The intersection of food and pop culture is practically internet catnip. Add some cute cats and Rea would have created the perfect YouTube series. While he wasn’t the first show to tap into this desire, he was the one who did it the most successfully. Everyone has watched a film or read a book or played a video game where they’ve stumbled across a moment with food and wondered what that dish tasted like. Could the meals that Hayao Miyazaki portrays in his movies ever be as satisfying and sumptuous as we want them to be? How good must that five-dollar shake be to warrant such a price tag? There’s something almost primitive in how much Rea’s work immediately satisfies such a base desire. I myself have watched certain videos multiple times just to scratch that itch, even though the chances or me actually trying to cook something like the timpano from Big Night are next to nil.
Of course, YouTube is a personality-driven platform, and the magic of Binging with Babish is still dependent on the charm of Rea himself.

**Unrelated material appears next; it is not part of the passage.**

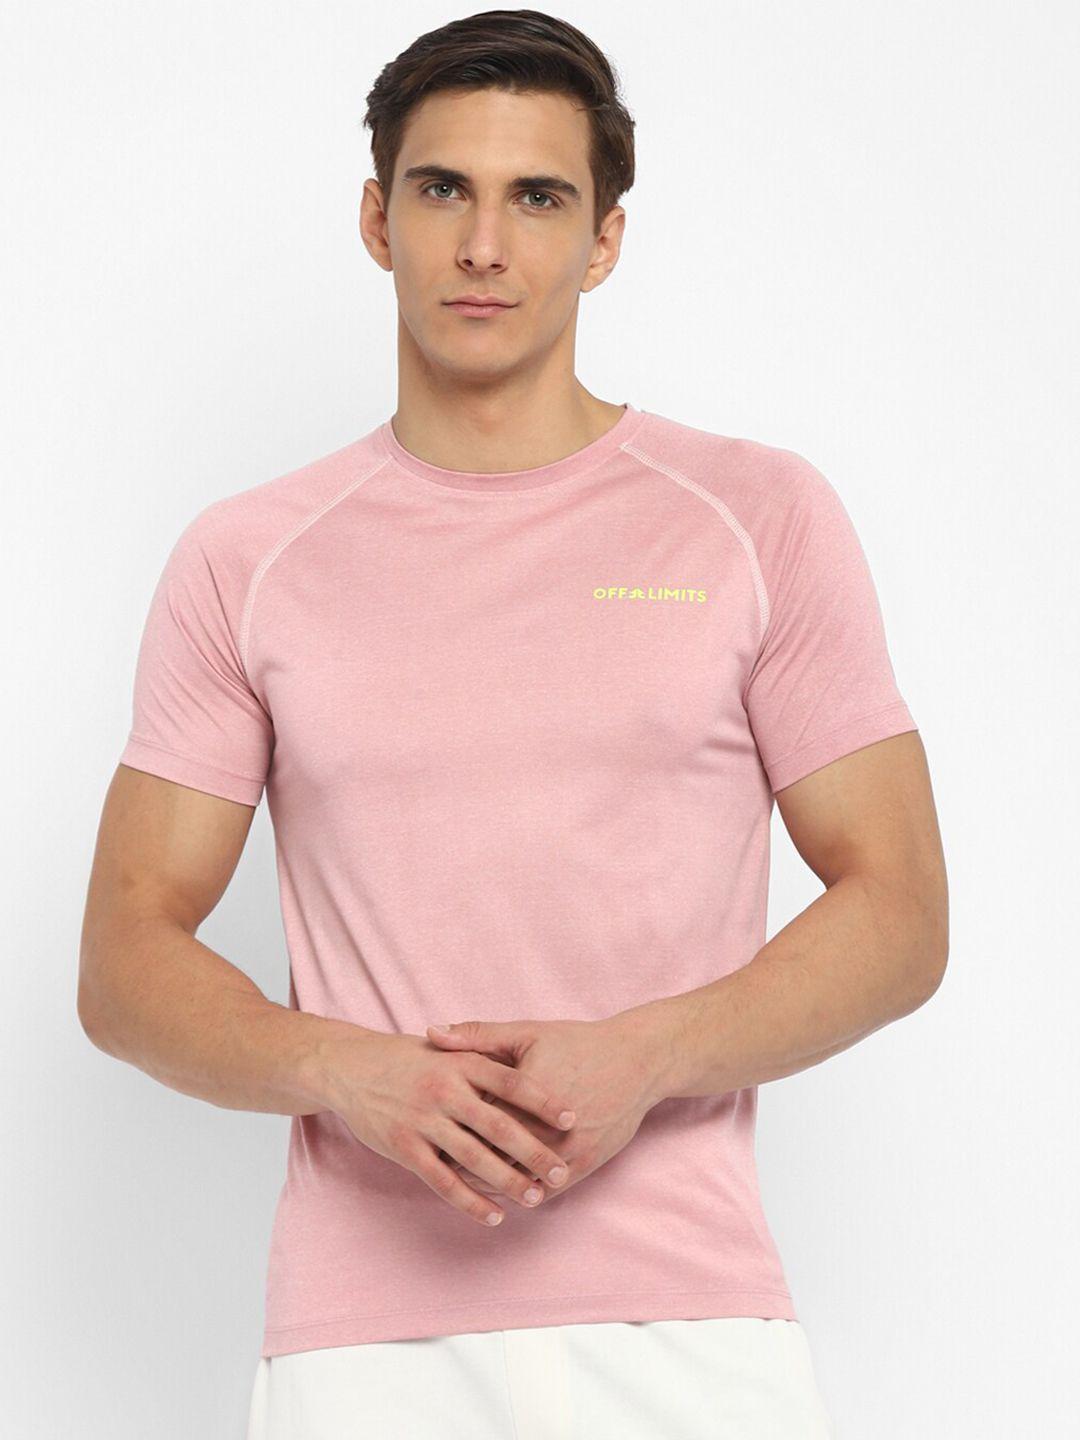 off limits men pink t-shirt

He may not center himself on his own series but he’s still the star, the guy with the cool tattoos and the voice tailor-made for vaguely sultry cooking instructions. Rea is quietly charismatic but approachable, complete with a dry sense of humor and an ease in front of the camera. He’s smart enough to know when to tell a joke and when to let the food do the talking. Crucially, even though the show made him famous, he’s savvy in his awareness that this formula works best because it’s not a one-man star vehicle. It stands in sharp contrast to the Bon Appétit kitchen, which pushed the personalities of its cooks to the forefront and would let them spend close to 30 minutes making jokes, doing banter, and establishing themselves as celebrities. I must admit that one of the reasons I never got into Bon Appétit was because all the extemporaneous brand development stuff tried my patience. I just wanted to get to the food, and Rea, to his credit, does that, even when he takes time out to do a skit or chat to a guest. He’s found a comfortable niche between Bon Appétit and Tasty, which notably features no personalities, for better or worse.
Now, Rea is expanding the Babish world into its own culinary universe, and it’s a rare case where I’m optimistic about a thing I love getting bigger and potentially more corporatized. As shown through the promising start of Stump Sohla, there’s a lot of promise with this formula to take new routes, try new things, and never lose its intrinsic appeal. I just hope that, whatever direction they take, Rea keeps the focus on the food, because said food is sort of amazing.